It must be understood that these quality designations apply to normal Internet use. For high performance, and thus access to data samples and effective partnership in distributed data analysis, much lower packet loss rates may be required.

Loss

Of the two metrics loss & RTT, loss is more critical since a loss of a packet will typically cause timeouts that can last for several seconds, moreover, RTT increases with increase in distance between any two nodes and also, with the increase in the number of hops, whereas loss is less distance dependent. For instance RTT between a node at SLAC and somewhere in Europe is expected to be around 160ms.

Figure 3: December 2005 packet loss snapshot seen from USA sites to the world.

Fig. 3 shows a snapshot of the losses for December 05. We observe that very few countries have bad connectivity. Most of N. America, Europe, Oceania and Russia have excellent or good performance, meaning that the average packet loss is less than 1%.

Another way of looking at the losses is to see how many hosts fall in the various loss quality categories defined above as a function of time. An example of such a plot is seen in Fig 4.

Figure 4: Number of hosts measured from SLAC for each quality category from February 1998 through December 2005.

It can be seen that recently most sites fall in the good quality category. The numbers at the bottom indicate the percentage of total sites that see good or better packet loss at the start of the year. Also the number of sites with good quality has increased from about 55% to about 75% in the 9 years displayed. The plot also shows the increase in the total number of sites monitored from SLAC over the years. The improvements are particularly encouraging since most of the new sites are added in developing regions.

Towards the end of 2001 the number of sites monitored started dropping as sites blocked pings due to security concerns. The rate of blocking was such that out of 214 hosts that were pingable in July 2003, 33 (~15%) were no longer pingable in December 2003.

The increases in monitored sites towards the end of 2002 and early 2003 was due to help from the Abdus Salam Institute of Theoretical Physics (ICTP). The ICTP held a Round Table meeting on Developing Country Access to On-Line Scientific Publishing: Sustainable Alternatives [ictp] in Trieste in November 2002 that included a Proposal for Real time monitoring in Africa [africa-rtmon]. Following the meeting a formal declaration was made on RECOMMDENDATIONS OF the Round Table held in Trieste to help bridge the digital divide [icfa-rec]. The PingER project is collaborating with the ICTP to develop a monitoring project aimed at better understanding and quantifying the Digital Divide. On December 4th the ICTP electronic Journal Distribution Service (eJDS) sent an email entitled Internet Monitoring of Universities and Research Centers in Developing Countries [ejds-email] to their collaborators informing them of the launch of the monitoring project and requesting participation. By January 14th 2003, with the help of ICTP, we added about 23 hosts in about 17 countries including: Bangladesh, Brazil, China, Columbia, Ghana, Guatemala, India (Hyderabad and Kerala), Indonesia, Iran, Jordan, Korea, Mexico, Moldova, Nigeria, Pakistan, Slovakia and the Ukraine.

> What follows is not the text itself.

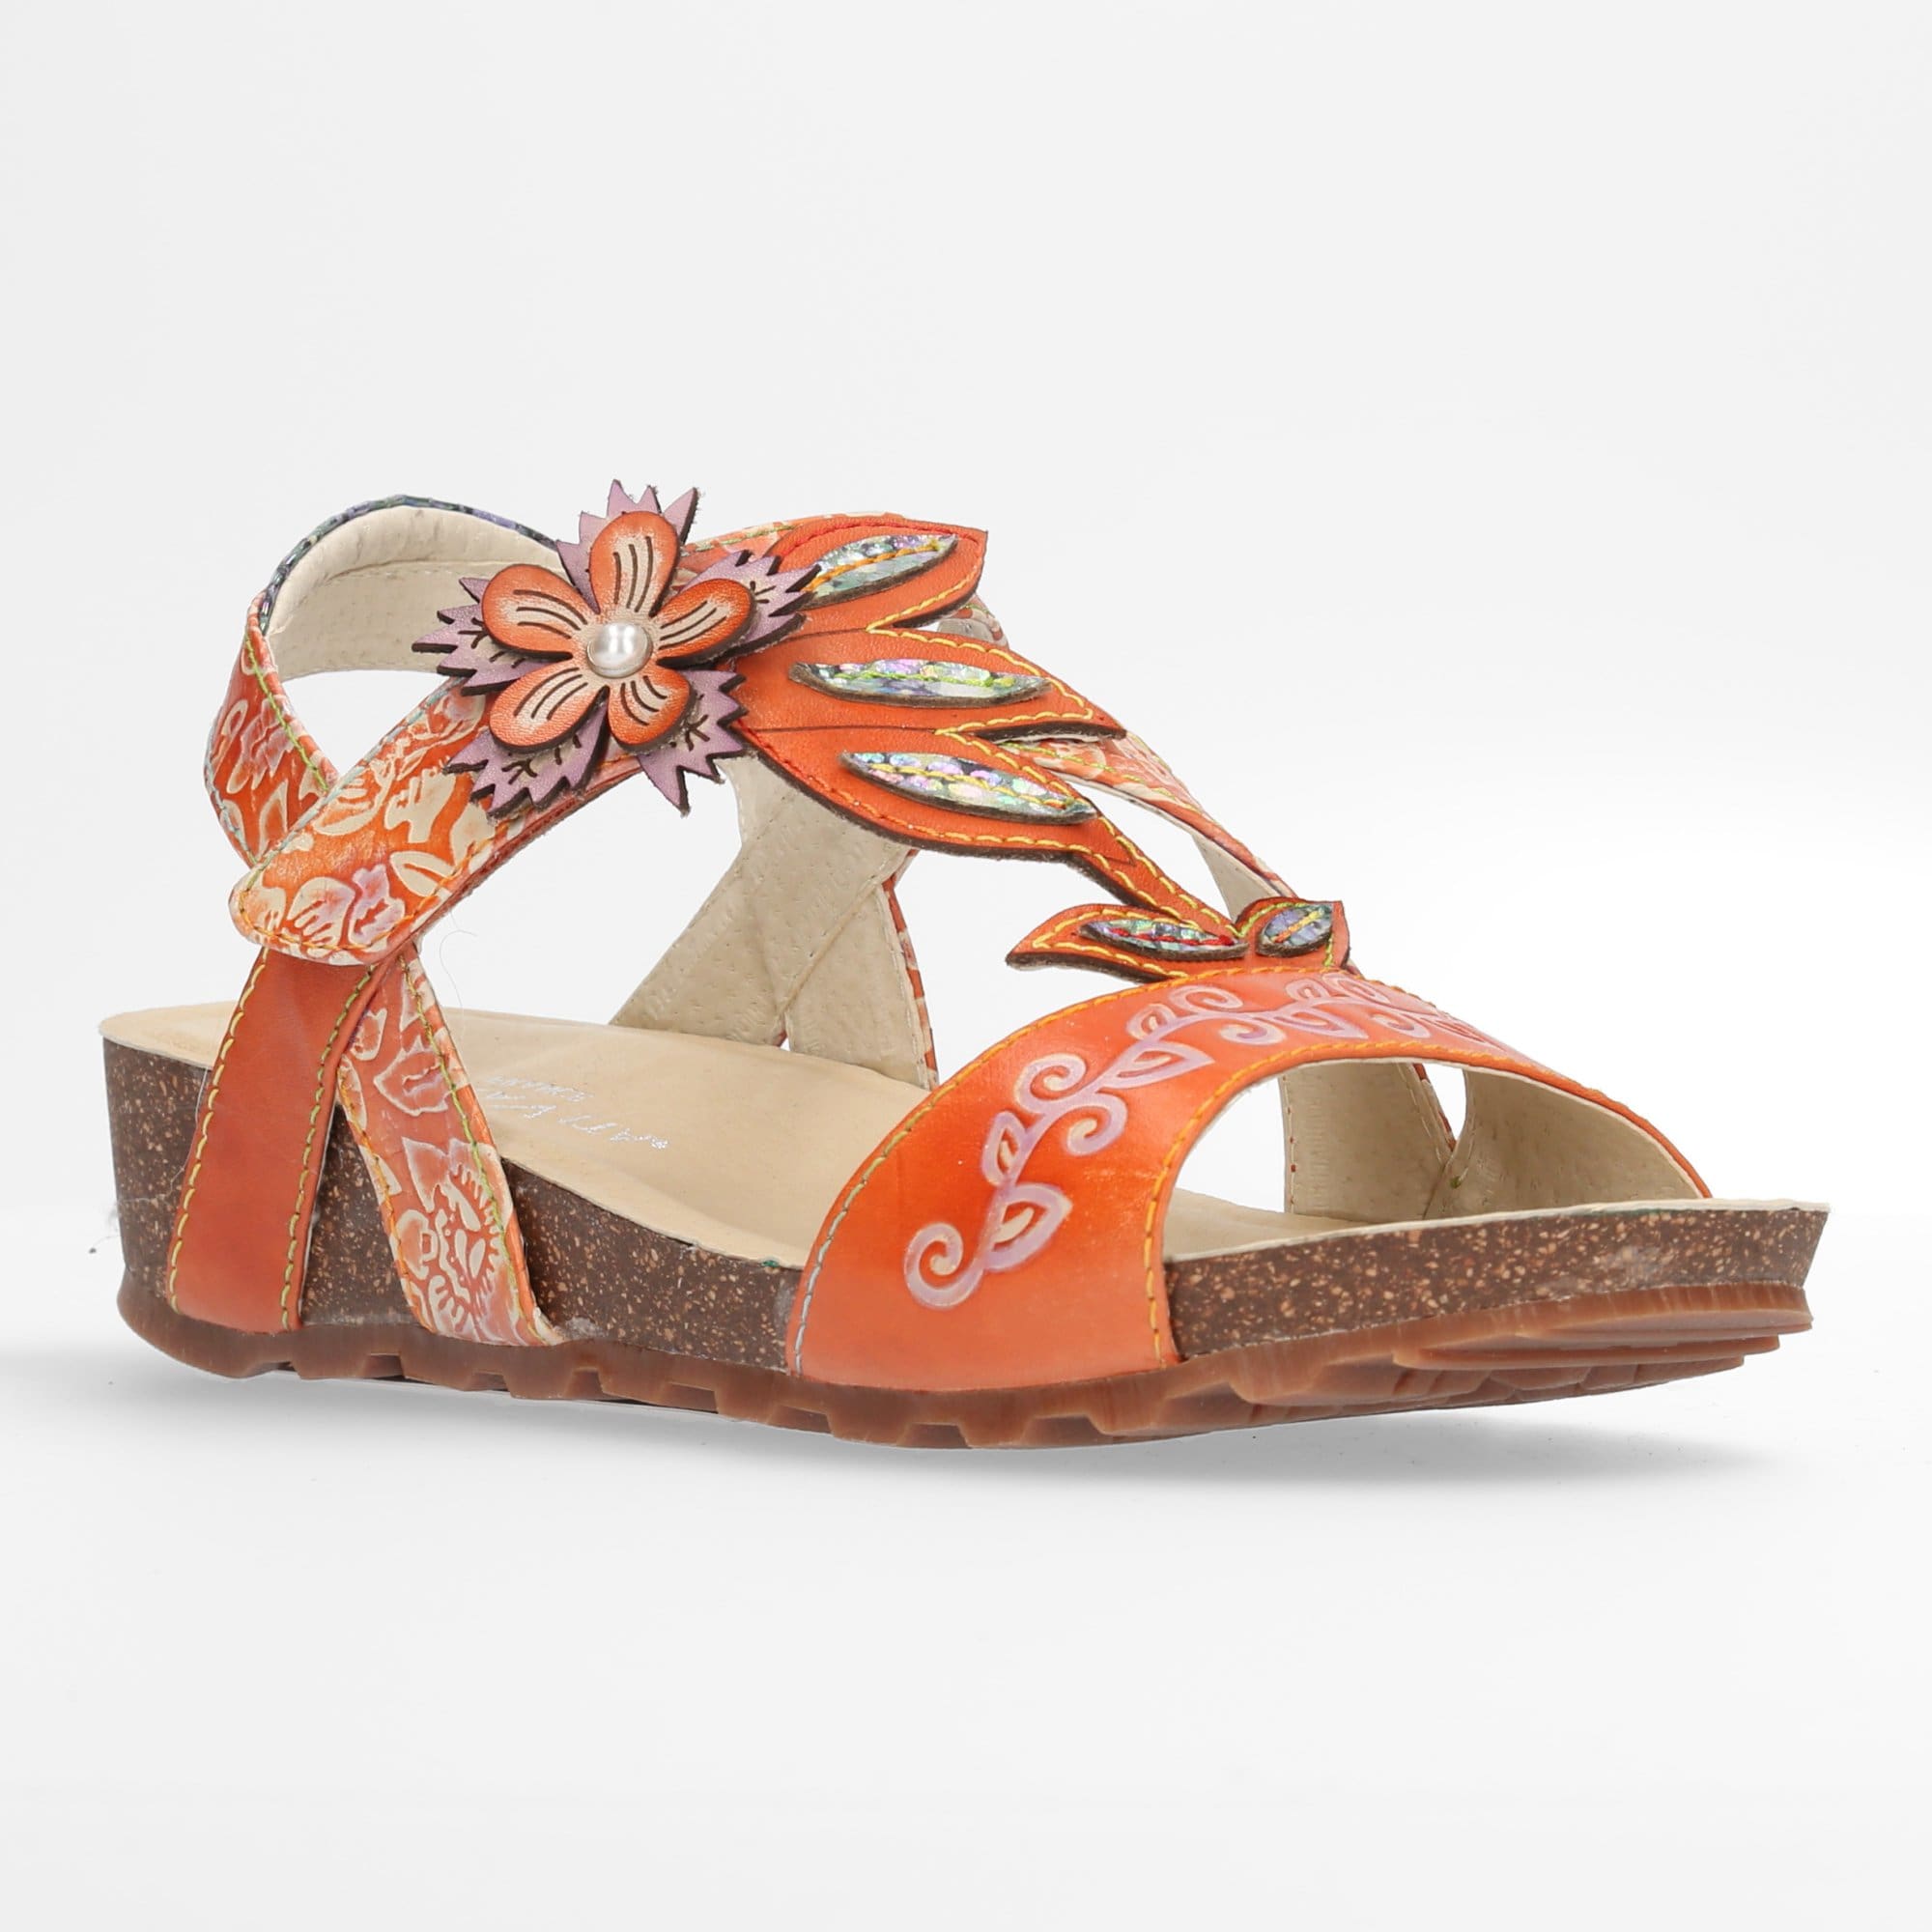 Chaussures BRCYANO 52 - Sandale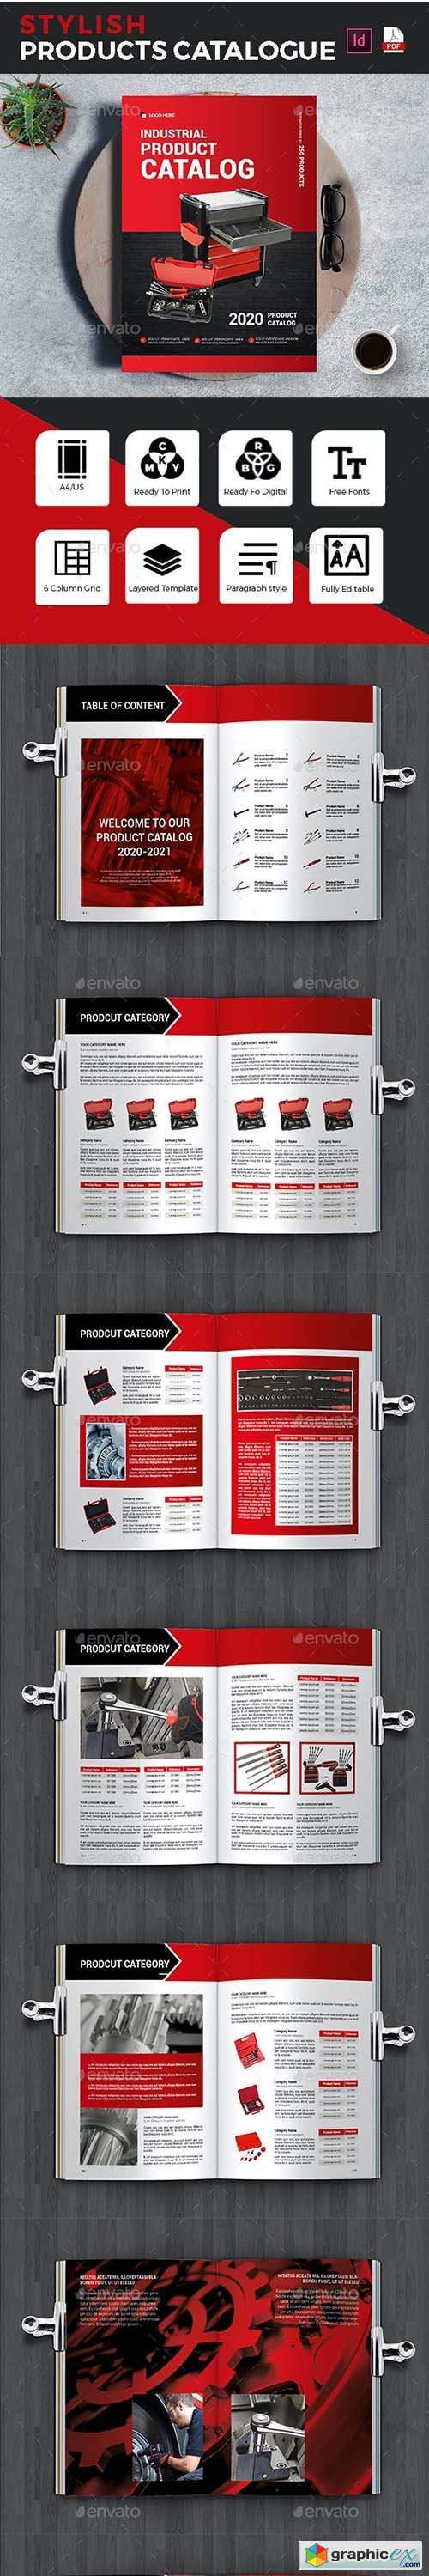 Industrial Products Catalog Template

The increase towards the end of 2003 was spurred by preparations for the second Open Round Table on Developing Countries Access to Scientific Knowledge: Quantifying the Digital Divide 23-24 November Trieste, Italy and the WSIS conference and associated activities in Geneva December 2003.

The increases in 2004 were due to adding new sites especially in Africa, S. America, Russia and several outlying islands. See Fig. 1 and section “Accomplishments since last report”.

In 2005, the Pakistan Ministry Of Science and Technology (MOST) and the US State Department funded SLAC and the National University of Sciences and Technology’s (NUST) Institute of Information Technology (NIIT) to collaborate on a project to improve and extend PingER. As part of this project and the increased interest from Internet2 in “Hard to Reach Network Places” many new sites in the South Asia and Africa were added to increase the coverage in these regions and also to replace sites that were blocking pings. For instance we can find no sites in Angola that are pingable in Dec 2005. Also as part of this project we started to integrate PingER with the NLANR/AMP project and as a result a number of the AMP nodes were added as PingER remote hosts in the developing regions. With help of Duncan Martin and the South Africa Tertiary Education Network (TENET) (http://www.tenet.ac.za), we successfully set up a monitoring node in South Africa, which should be a great help in viewing the Digital Divide from within the Divide. With the help of NIIT (www.niit.edu.pk), a monitoring node was set up at NIIT and in Nov’ 05 another one at NTC (National Telecommunication Corporation www.ntc.net.pk), which is the service provider for the PERN (Pakistan Educational and Research Network www.pern.edu.pk). Although it is too early to provide any long terms predictions, more than almost two months of data gathered indicate certain interesting results which will be discussed later in more detail.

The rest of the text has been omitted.